_WORK REQUIRED_
Pictures aside, repeat the whole listing word for word.

_EXERCISE DATA_
....

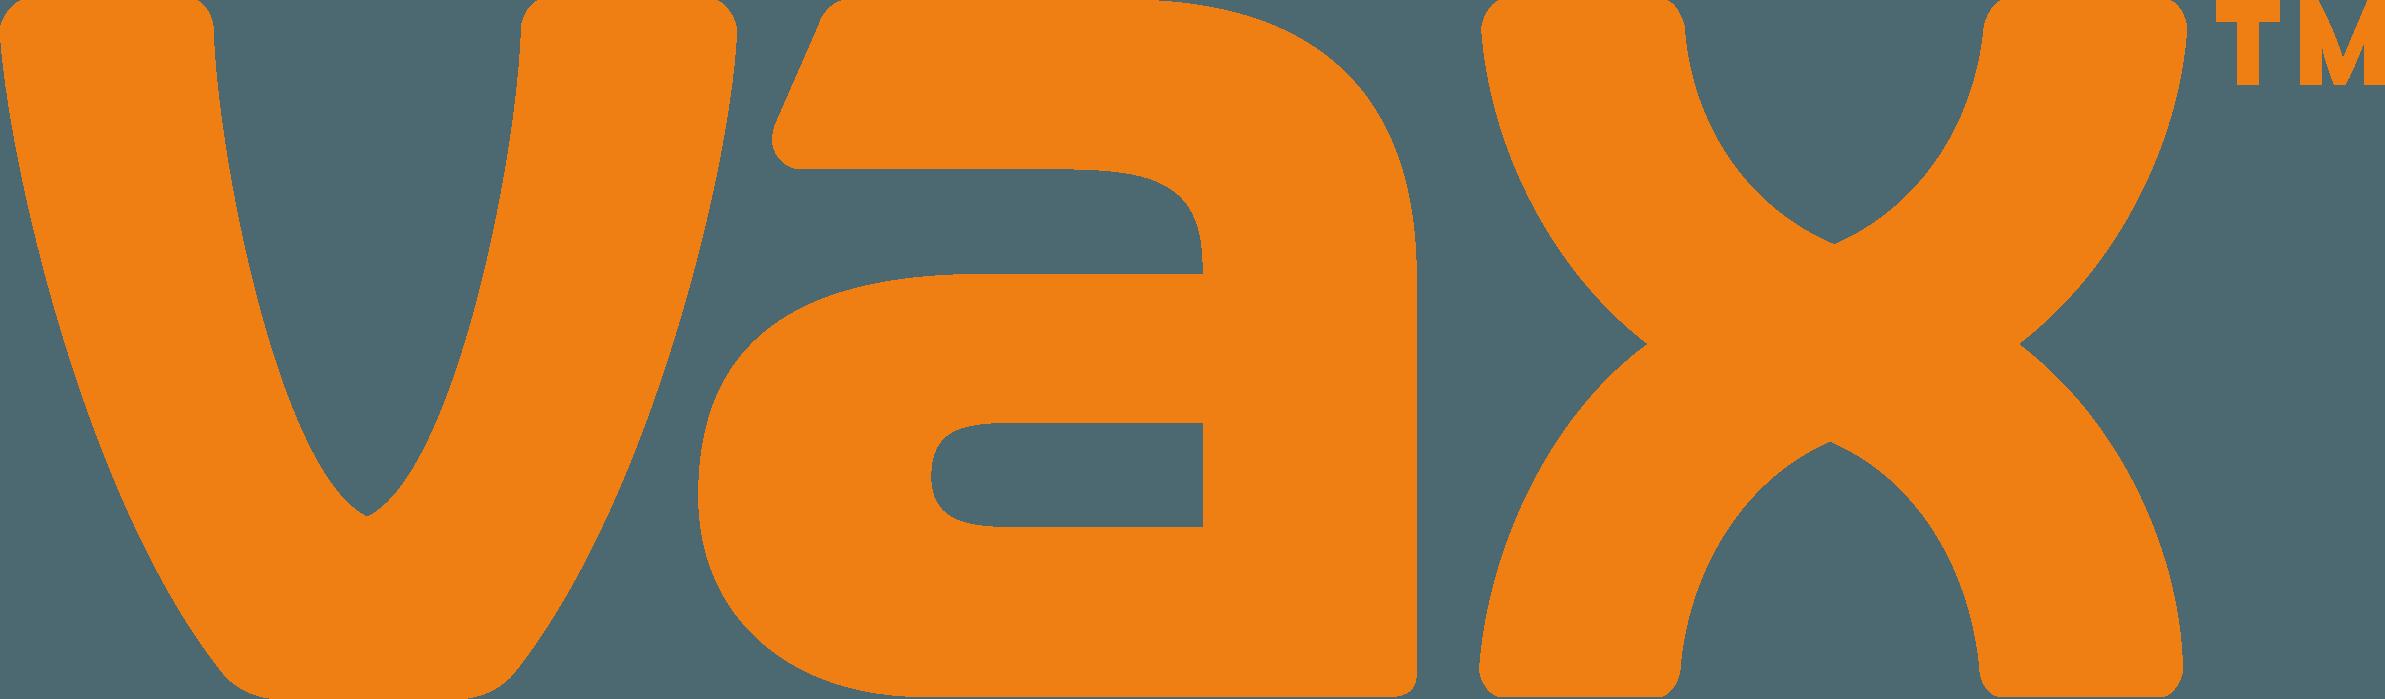 Vax Logo png
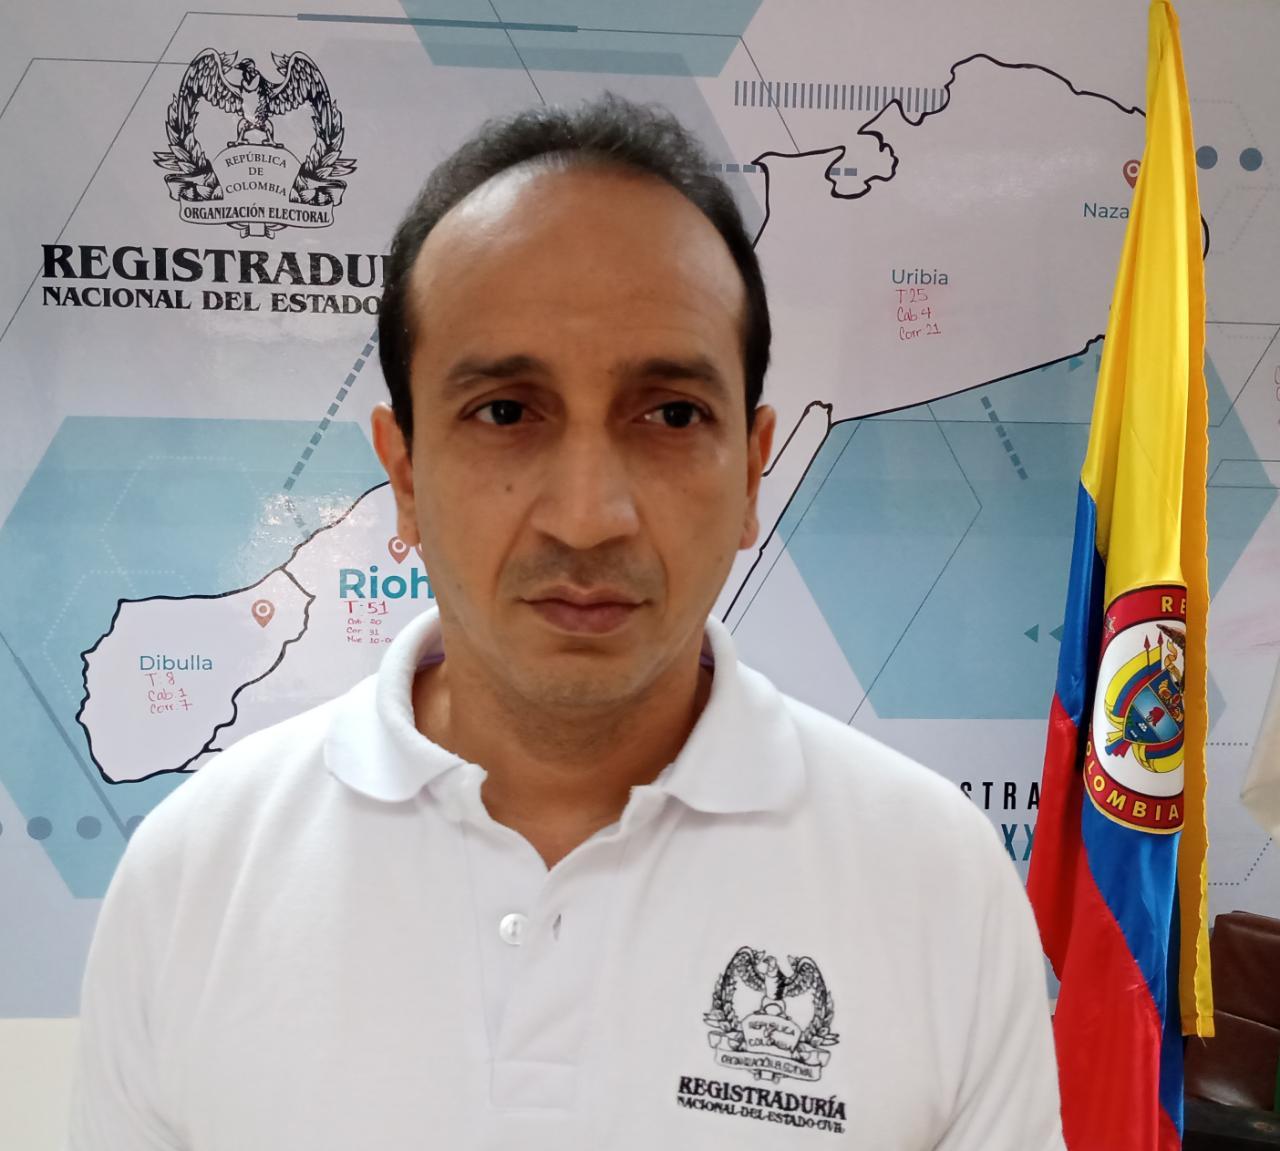 https://www.notasrosas.com/La Guajira, preparada para expedir nueva Cédula Digital
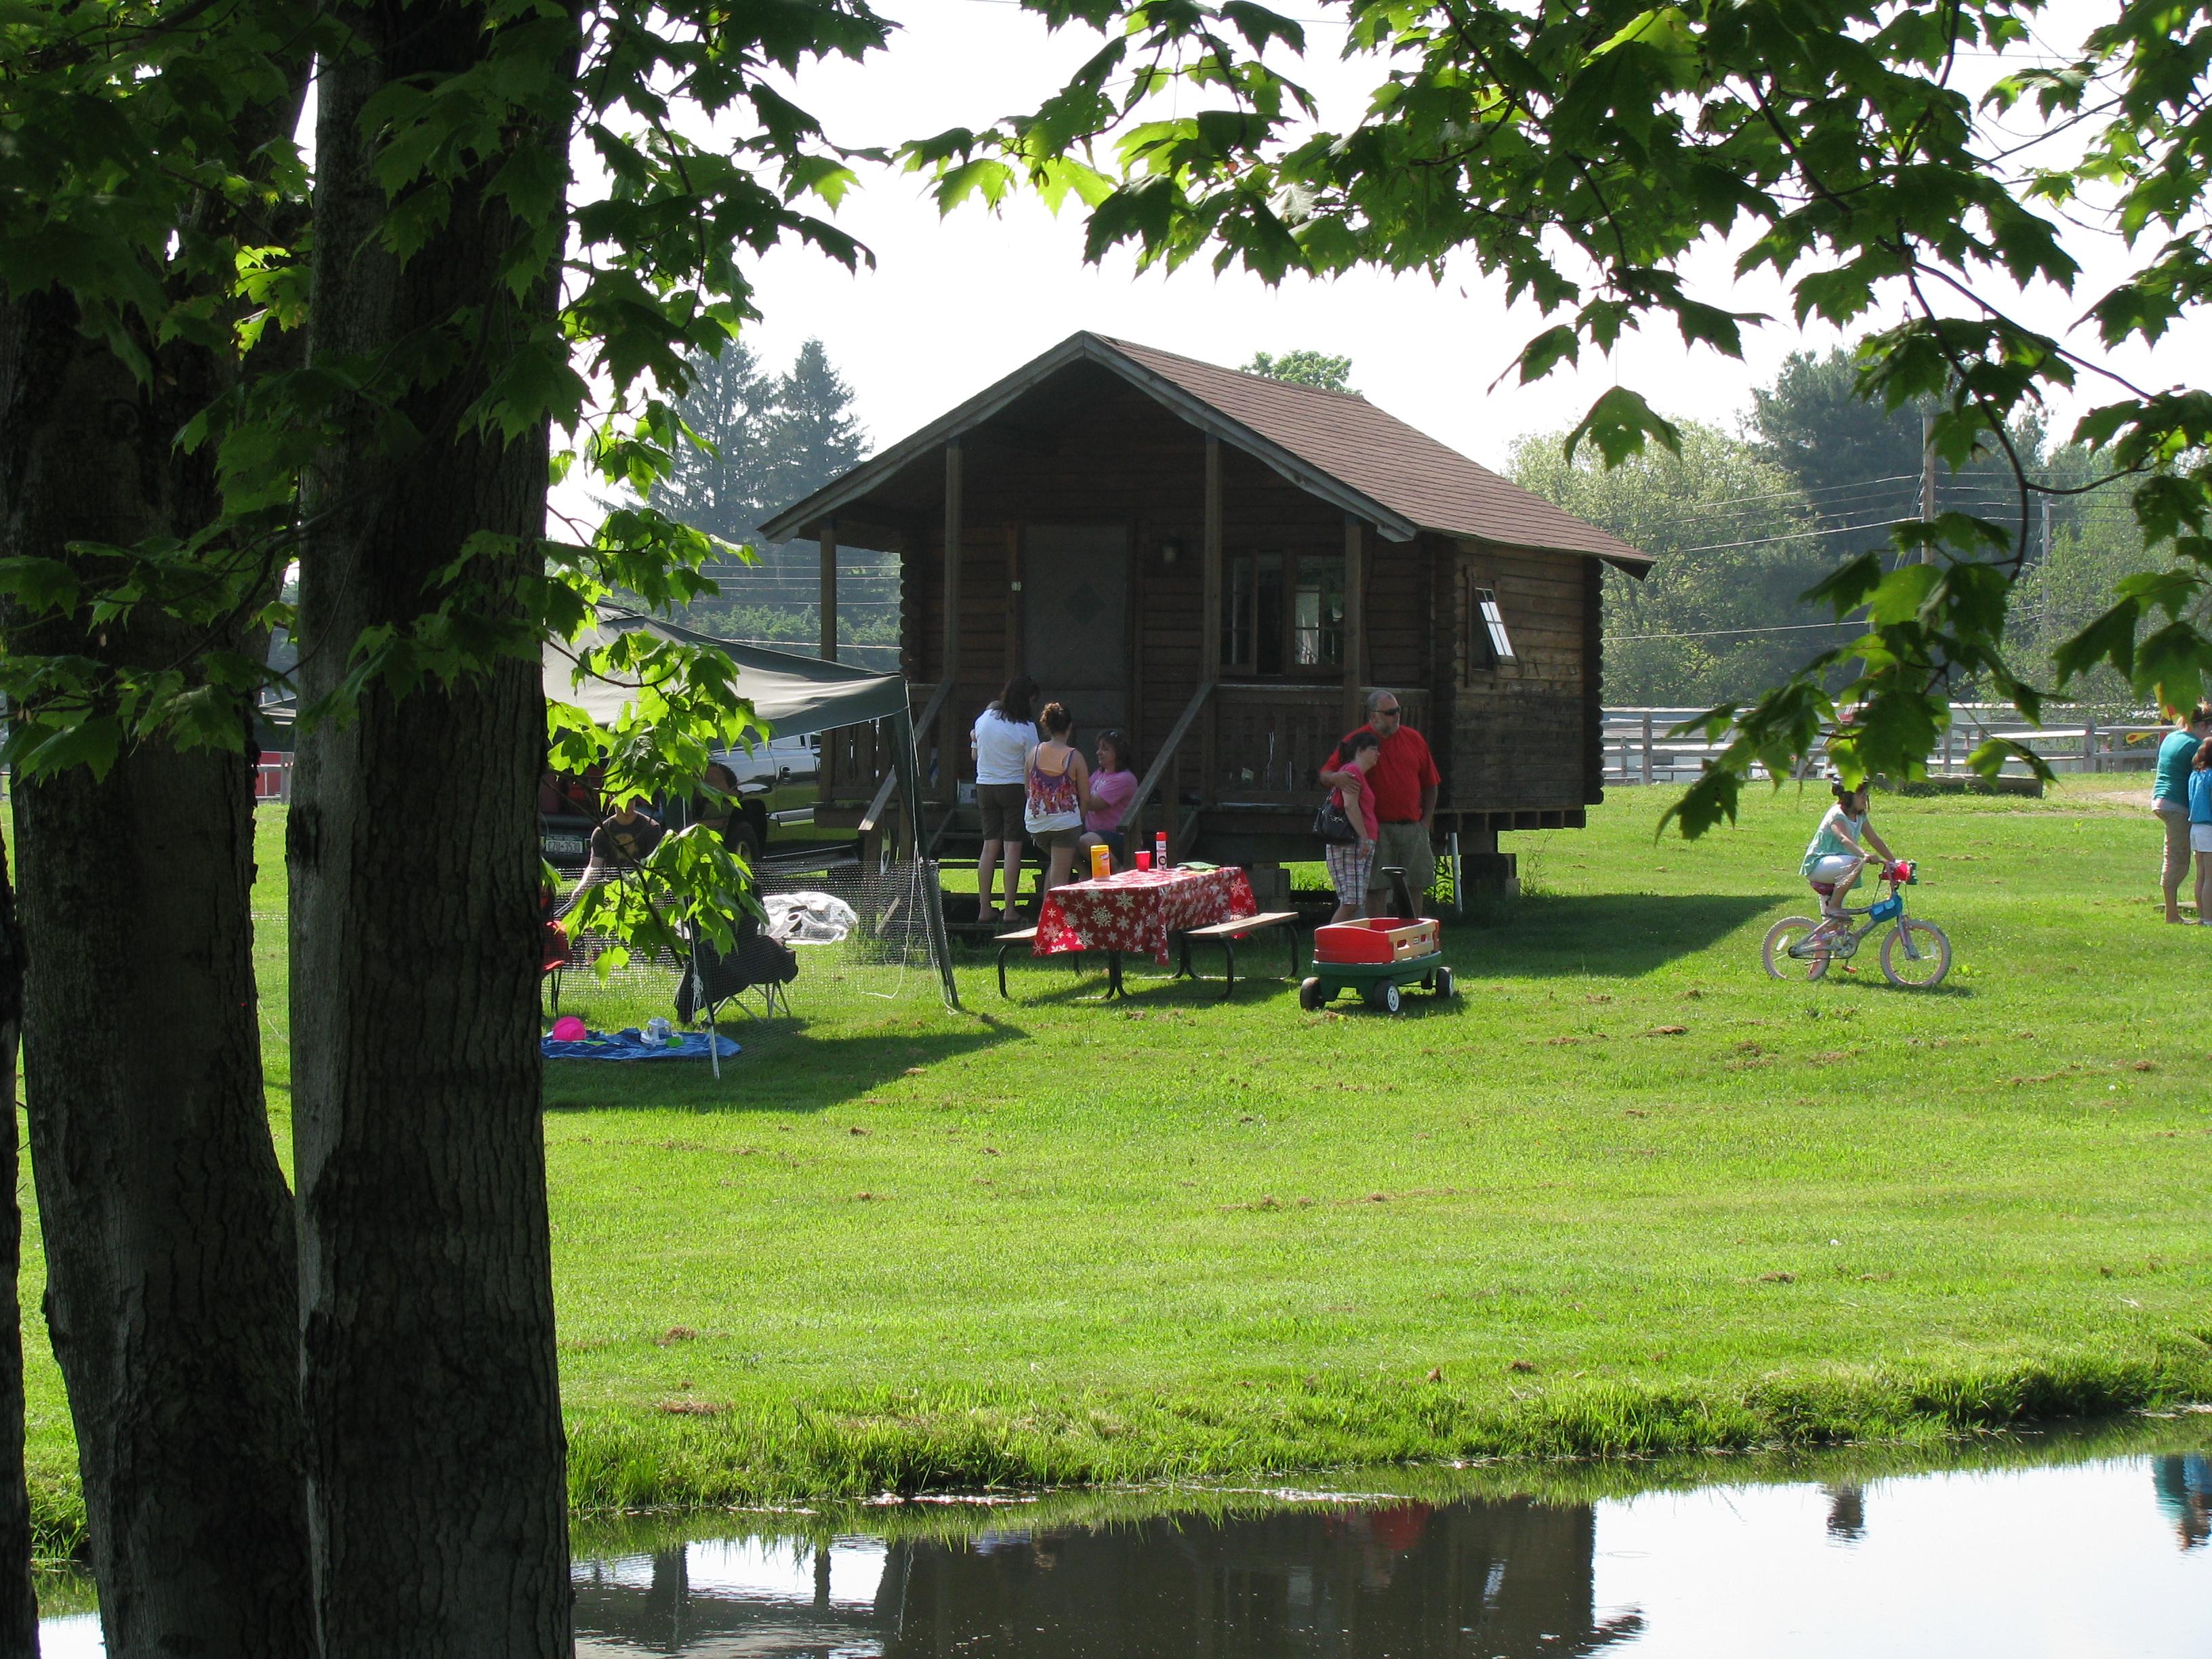 Meadville KOA image 4

....

_TASK OUTPUT_
 Vax Logo png
 https://www.notasrosas.com/La Guajira, preparada para expedir nueva Cédula Digital
 Meadville KOA image 4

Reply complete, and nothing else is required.